# Did Paul expect material aid as he spread the Gospel?



## Pergamum (Aug 28, 2011)

Missions - a Sovereign Grace Perspective: Did the Apostle Paul make his material needs known?

Much more could be said about the Apostle Paul and money, but here is a short beginning.



> Did the Apostle Paul, as our model missionary, make his needs known on the mission field? Furthermore, did he expect a response to those expressed needs?
> 
> *I Corinthians 1:15-16:*
> 
> ...


----------



## Scott1 (Aug 28, 2011)

The Apostle also worked part time in some instances, as a tent maker and even relieved the burden to support him, though he could expect to be "fed" by those he ministered to.

It's important to view "expect" from the standpoint of faith- that GOD would provide. Often, and by rights that might be through the people he ministered to, but not always.

It's admirable to see people who are working, or who saved money in advance so they self-fund their mission work.


----------



## Pergamum (Aug 28, 2011)

Scott,

Working and saving would be fine for a short-term mission trip; but it is much to expect someone to save enough to self-fund for a 10 or 20 year stint as a missionary. 

Paul doesn't seem to expect this, he seems to expect that workers will be funded ordinarily by churches.


----------



## MW (Aug 28, 2011)

Pergamum said:


> Thus, Paul is stating an expectation that the church will provide for him materially as he goes out beyond them with the Gospel.



While this is evidently true, it is rather one-sided. The apostle writes to the Romans in hope of seeing them, and that for the purpose of mutual benefit, chap. 1:9-12. The Epistle as a whole shows Paul's willingness to be transparent about the gospel which he preaches and teaches, and with some sense of accountability to the Romans for the support he desires to receive from them. There were extraordinary and ordinary aspects to the apostle's ministry. He had an immediate call to act as a witness of Christ's resurrection to the Gentiles, as the other apostles were His witnesses to the Jews. Notwithstanding this immediate call, he sought to act in accord with the ordinary process as much as possible in order that he might lay down a pattern for the churches. In this ordinary pattern a man's graces and gifts are discerned by the church, then he is trained, and finally he is entrusted with a particular work in a particular place, which he is to undertake with some degree of accountability to those who have sent him. When a man gives himself to the work of the ministry (at home or abroad), and has submitted himself to the ordinary process, he can reasonably expect to have his material needs provided for. If, however, a man chooses to go out on his own without first subjecting himself to the normal process by which men are sent into service, he is in no position to ask for material support. The Scriptures teach liberal and cheerful giving, but never indiscriminate giving. The gift given is seed sown.
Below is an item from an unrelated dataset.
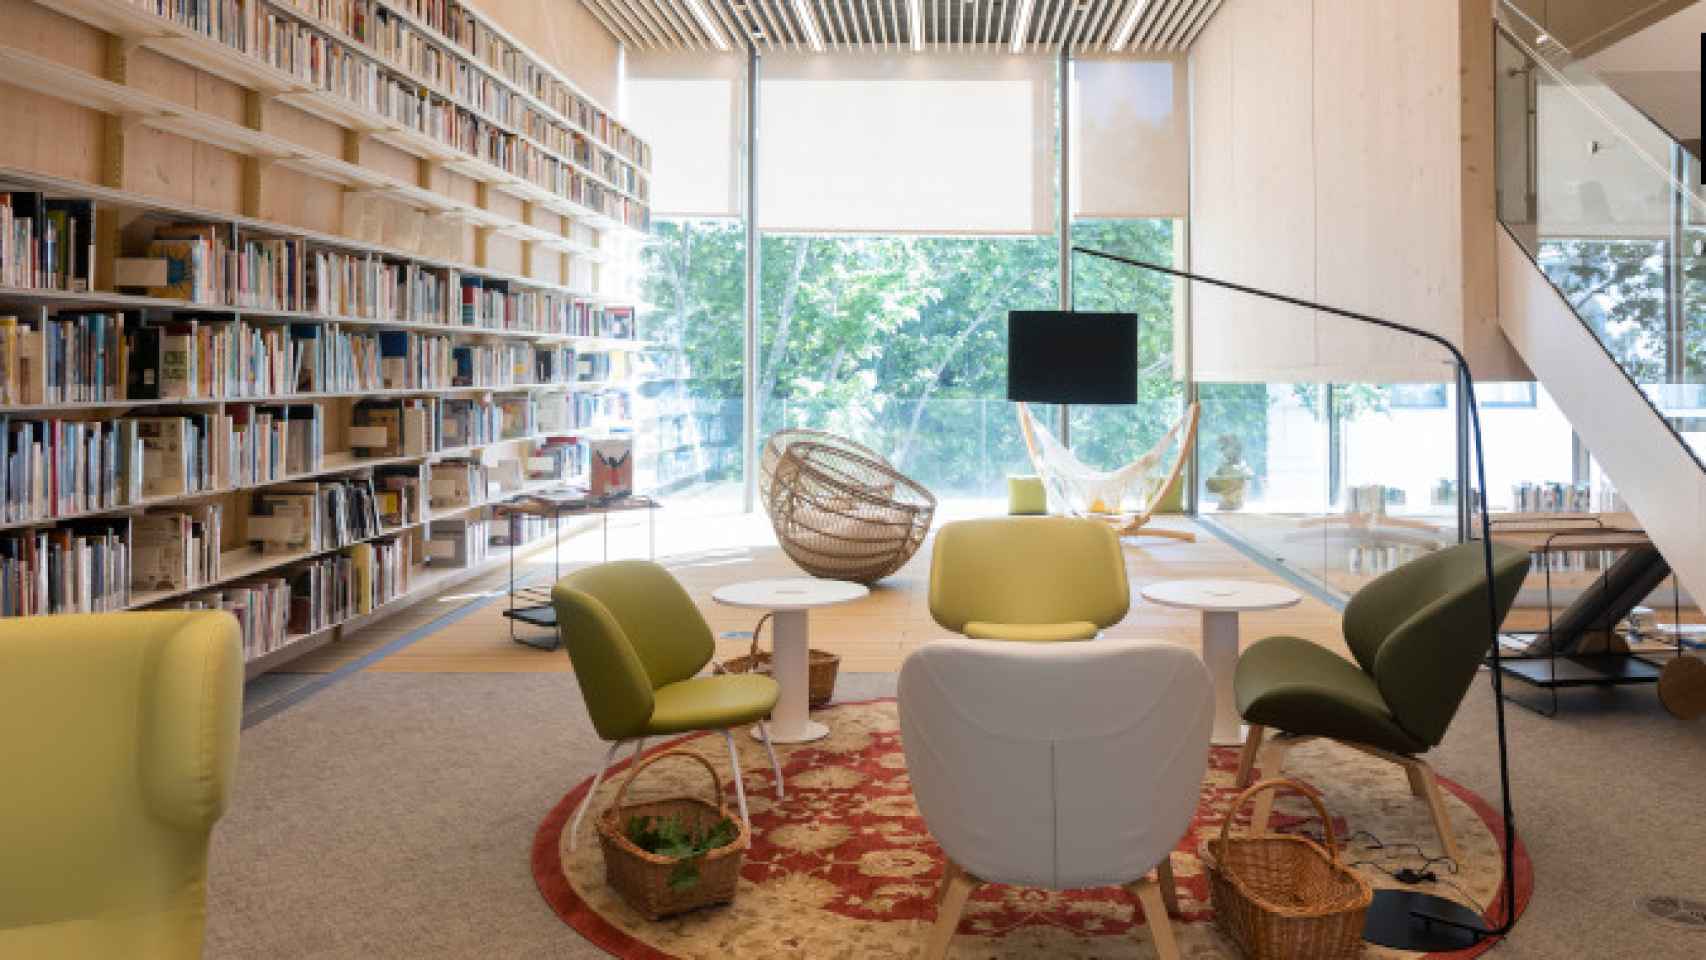 Imagen de la biblioteca Gabriel García Márquez en su interior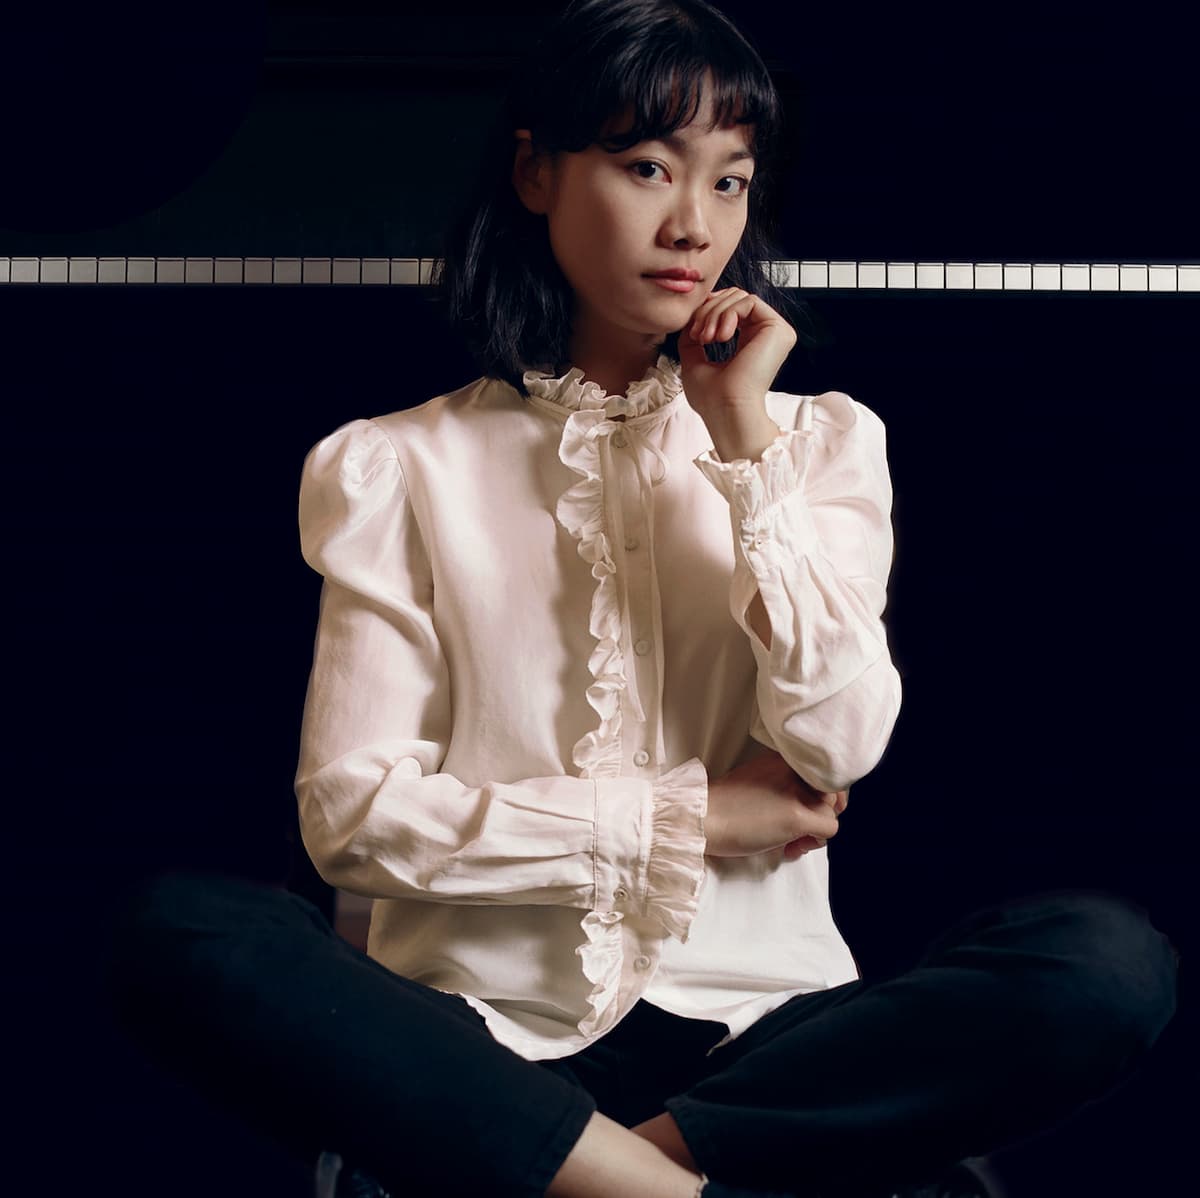 Hong Kong born pianist Tiffany Poon

The person who gives to a work is responsible for it in some measure, and must ensure that he is supporting a work which holds the mystery of the faith with a good conscience.


----------



## Scott1 (Aug 28, 2011)

This is not intended as comment on any particular mission situation, only general comment.

Looking at several passages about this topic in Scripture, it seems we see several different examples of the Apostle being supported, some seem implicit in Scripture:

1) He was completely supported by the local church he ministered to
2) He was collectively supported by churches he ministered to
3) He worked (tent making) and supported himself
4) He did combinations of these

We might deduce from Scripture there is a time and place for each.

Savings, and cultivating an ethic of savings and advance preparation are basic disciplines all God's people must learn.

Some part of the mix must be people saving for themselves with a goal of going on a mission field, self supporting or partially supporting themselves. It can be, and ought be, a planned goal.


----------



## Pergamum (Aug 28, 2011)

armourbearer said:


> Pergamum said:
> 
> 
> > Thus, Paul is stating an expectation that the church will provide for him materially as he goes out beyond them with the Gospel.
> ...



Yes, all very true, but beyond the scope of a small blog entry. 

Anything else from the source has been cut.